MdotLabs, Backed by Great Oaks & Others, Sifts Out Bogus Web Traffic

When is a page view not a real page view?

That is one of the questions MdotLabs offers to help Web companies answer through its software.

Much of the revenue in digital publishing and online ads rides on audience flow. So being able to verify the number of people who check out websites is crucial. The MdotLabs software-as-a-service platform, AdSecure, is designed to pick out real Web visitors from fraudsters.

The Madison, WI-based company raised $1.25 million in November in a round led by Chicago Ventures and New York’s Great Oaks Venture Capital. Angel investors also participated in the round. MdotLabs CEO Timur Yarnall says his company plans to use the funds to expand its staff from 12 to 18 within the next eight months.

Andrew Boszhardt, managing partner with Great Oaks Venture Capital, says he has invested primarily in digital tech startups in Wisconsin’s entrepreneurial community. “The Madison to Milwaukee corridor is one of 10 or 20 secondary markets that is rich with highly educated people,” he says. However, the corridor’s innovation scene, he says, thus far has been underdeveloped.

Boszhardt, an alum of University of Wisconsin-Madison, says security and fraud issues on the Internet are massive—which is an opportunity for startups. His firm looks for early-stage companies to back, and MdotLabs fit the bill. “We had gotten to know [co-founder] Paul Barford through the university’s computer science department,” Boszhardt says. “Through him we met Timur.”

He foresees MdotLabs developing more software for advertisers and others in consumer packaged goods.

Yarnall says botnet fraud, click farms, and other sources of bogus traffic are significant sources of waste. They pump up page view numbers and clicks, creating false impressions for online ad sales. This is an issue for publishers and brands alike, he says. “How would you feel if I told you that you’re losing 30 to 50 percent of your revenue to operators who have fake websites and use stolen content?” he asks.

There are some valid ways to boost Web traffic, Yarnall says, but the majority of providers sell activity from click farms and botnets. With a quick credit card purchase, a website can multiply its traffic with a fake audience, he says.

Legitimate publishers, Yarnall says, may have to contend with shifty rivals who use such schemes to inflate their Web traffic and generate more ad revenue. AdSecure’s software examines user behavior for patterns indicative of bogus traffic.

Advertisers can use the platform, he says, to audit their campaigns. The software also lets publishers prove to advertisers that their audience is real.

AdSecure uses a mix of machine learning, applied math, and statistics to scrutinize each ad impression. The platform looks for various telltale signs of Web traffic fraud. Botnet software, for example, automatically browses and clicks on websites, and even makes purchases to appear to be a real person. Click farms use people in sweatshops, spending their days clicking on ad after ad.

This can be a touchy subject for some folks in the online ad industry, Yarnall says. “Anyone who’s generating revenue on a per impression basis,” he says, “has an incentive to not talk about the issue or to passively let it happen.”

MdotLabs was spun out of Yarnall’s preceding company, Broadcast Interactive Media, a provider of content managing and publishing tools. After BIM developed an ad network for its clients, Yarnall noticed that some of the sites were trying to defraud his company through fake Web activity.

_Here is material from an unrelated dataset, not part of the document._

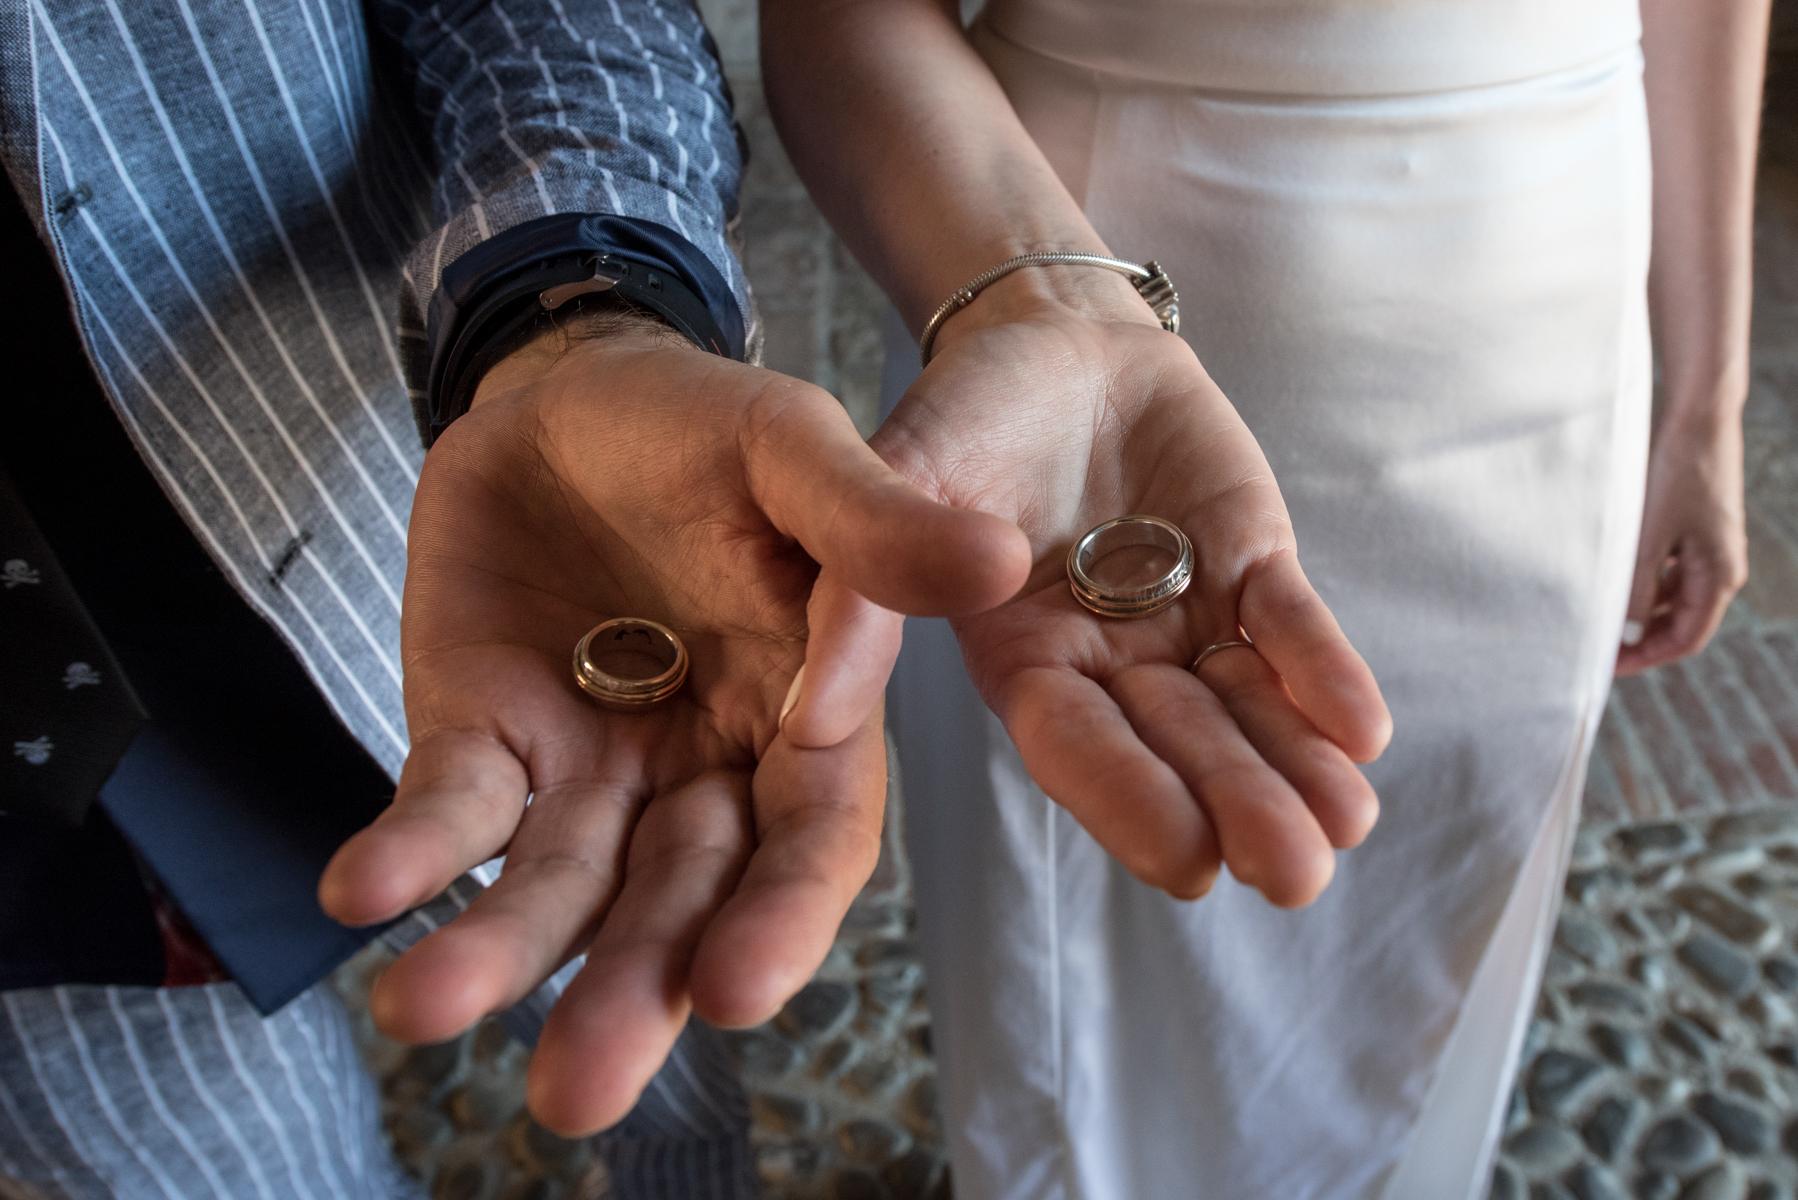 Rocca San Vitale - Fontanellato - Parma - Italien - Die Braut und der Bräutigam, die auf den Beginn der Zeremonie warten, lassen mich die Besonderheit ihres Glaubens beobachten.
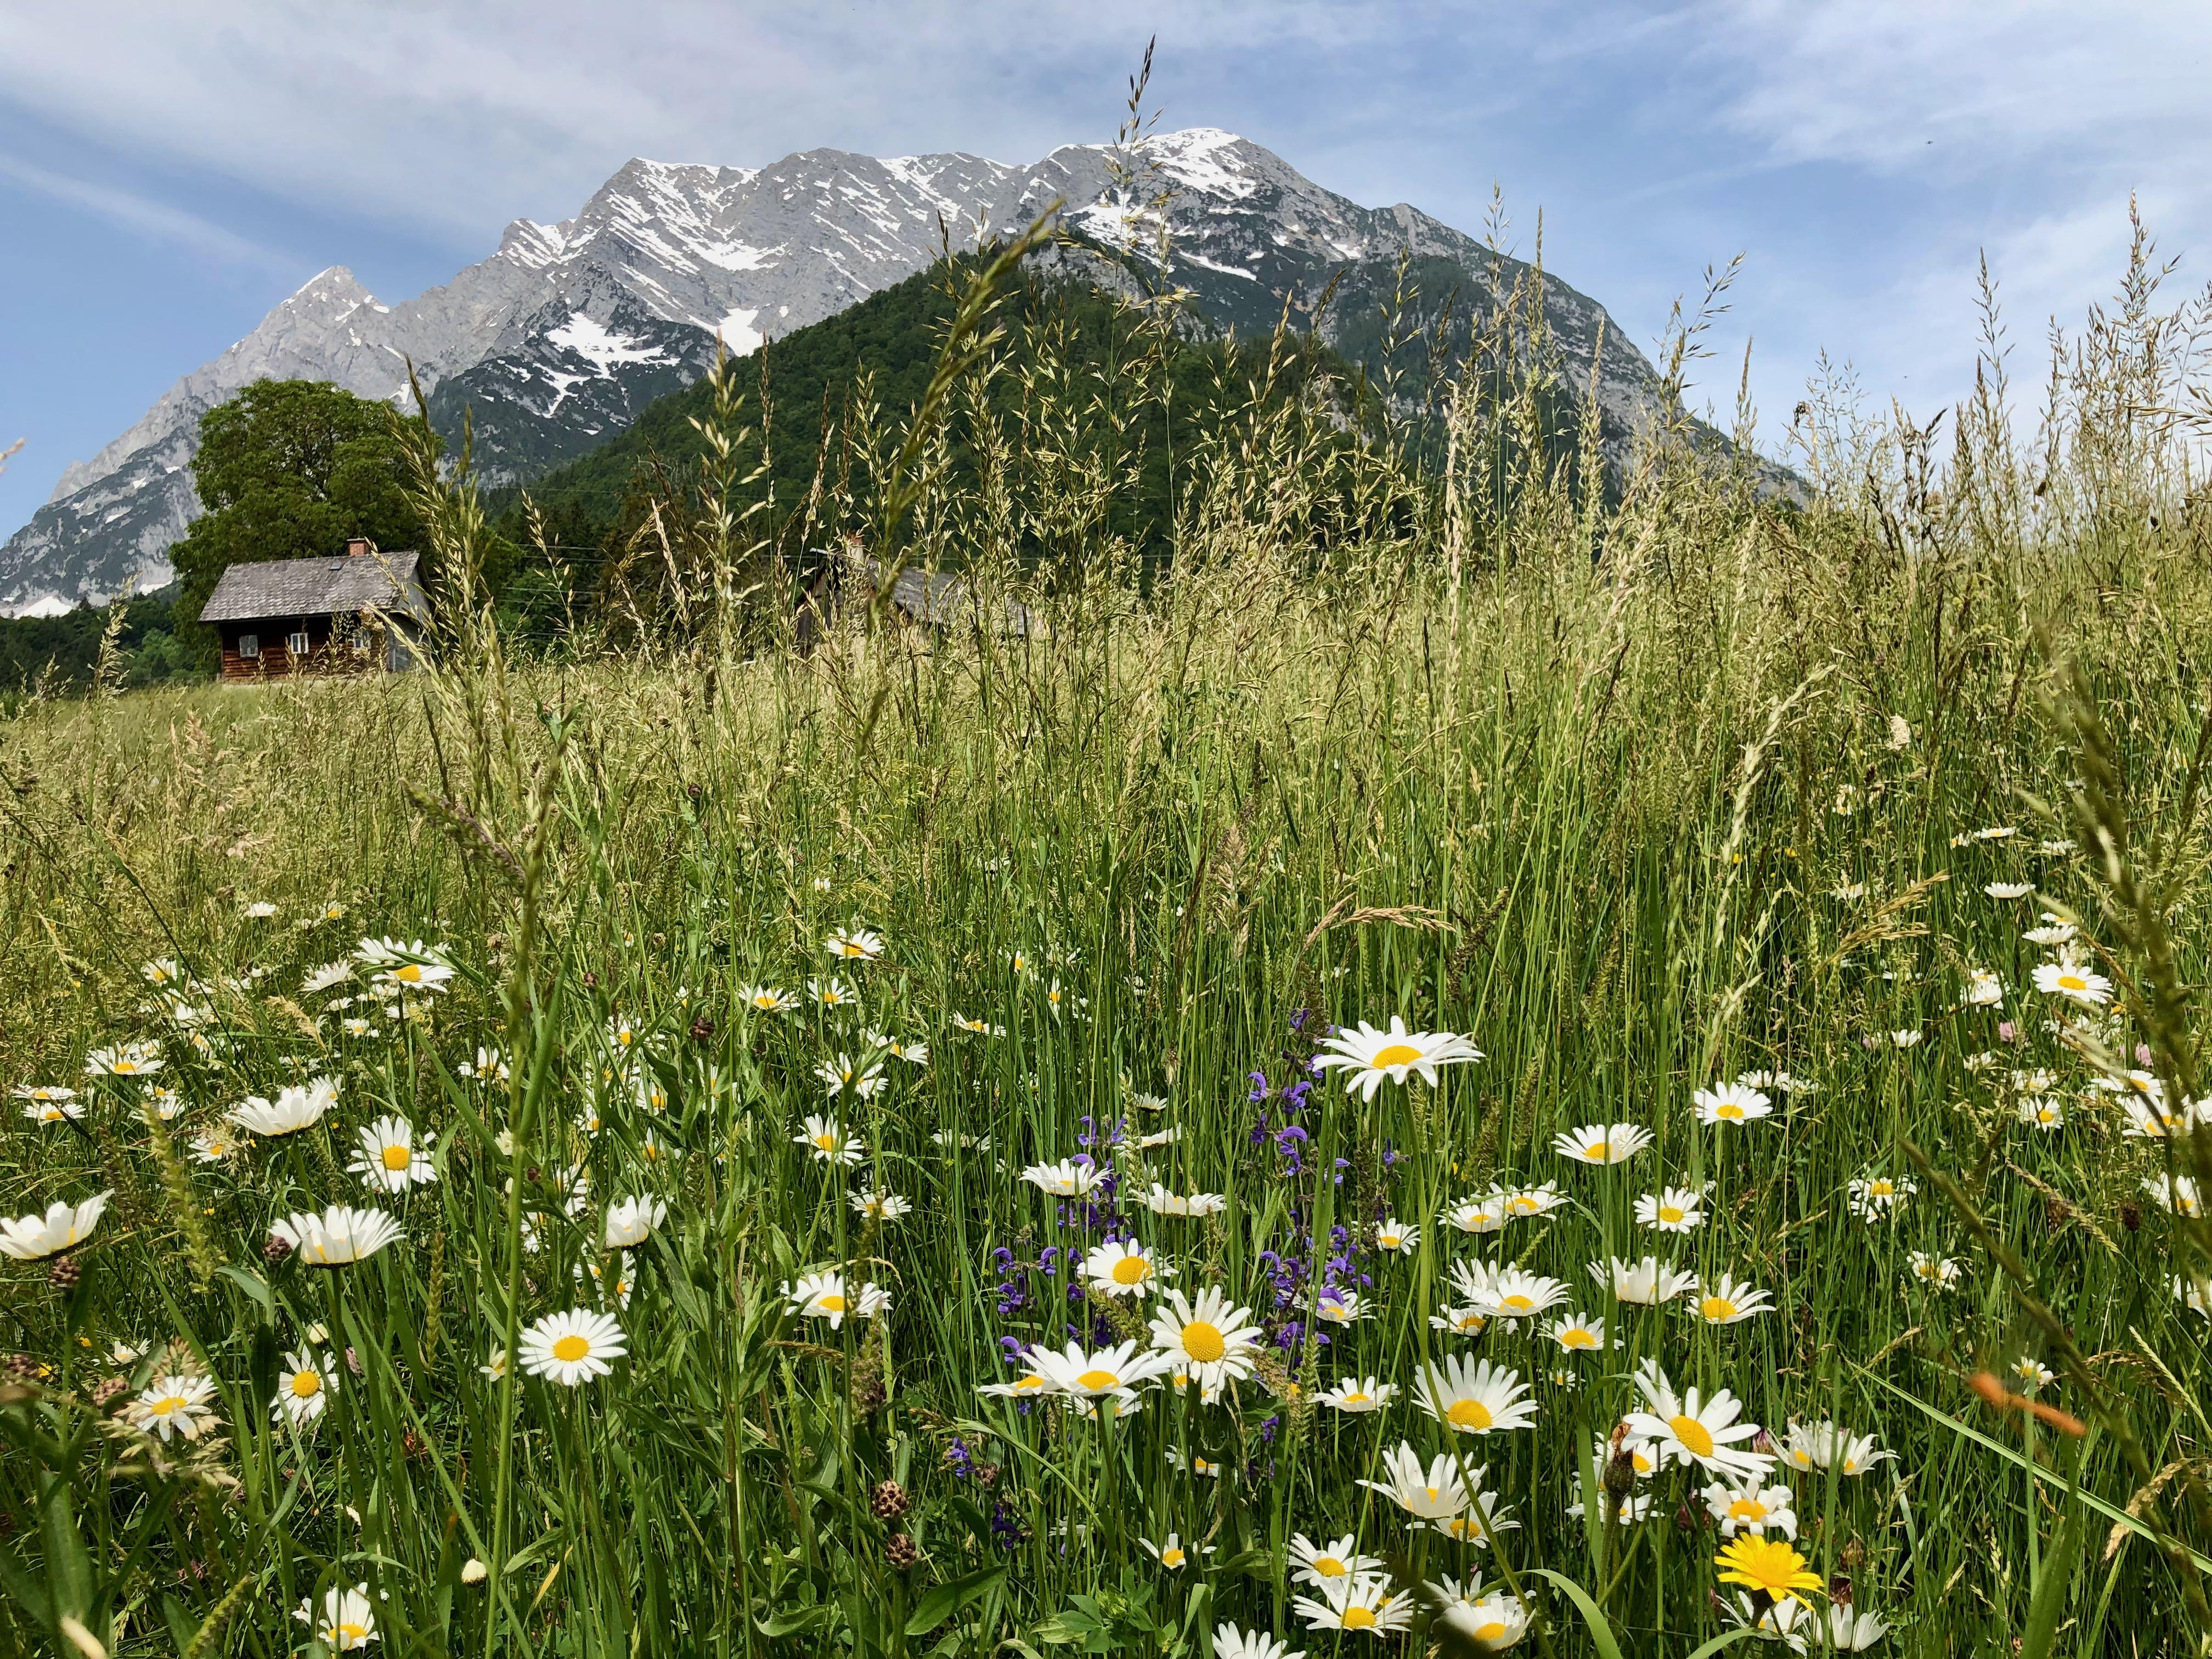 Extensive zum ersten Aufwuchs mit Margeriten, Wiesensalbei und Glatthafer. Im Hintergrund ist der Bergstock des Grimming ersichtlich.

He shopped around for ways to screen for botnet activity. Not seeing anything to his liking, Yarnall got to work on MdotLabs with co-founder Barford, who’s also a professor of computer science at University of Wisconsin-Madison.

MdotLabs has a satellite office in San Francisco, and Yarnall says a New York office is in the works possibly for the second quarter 2014.

Ultimately, Yarnall believes his software might change minds about buying Web traffic for trumped-up pages, and scamming the online ad market. “It gives you a tool to fight back against these garbage ‘long tail’ websites,” he says.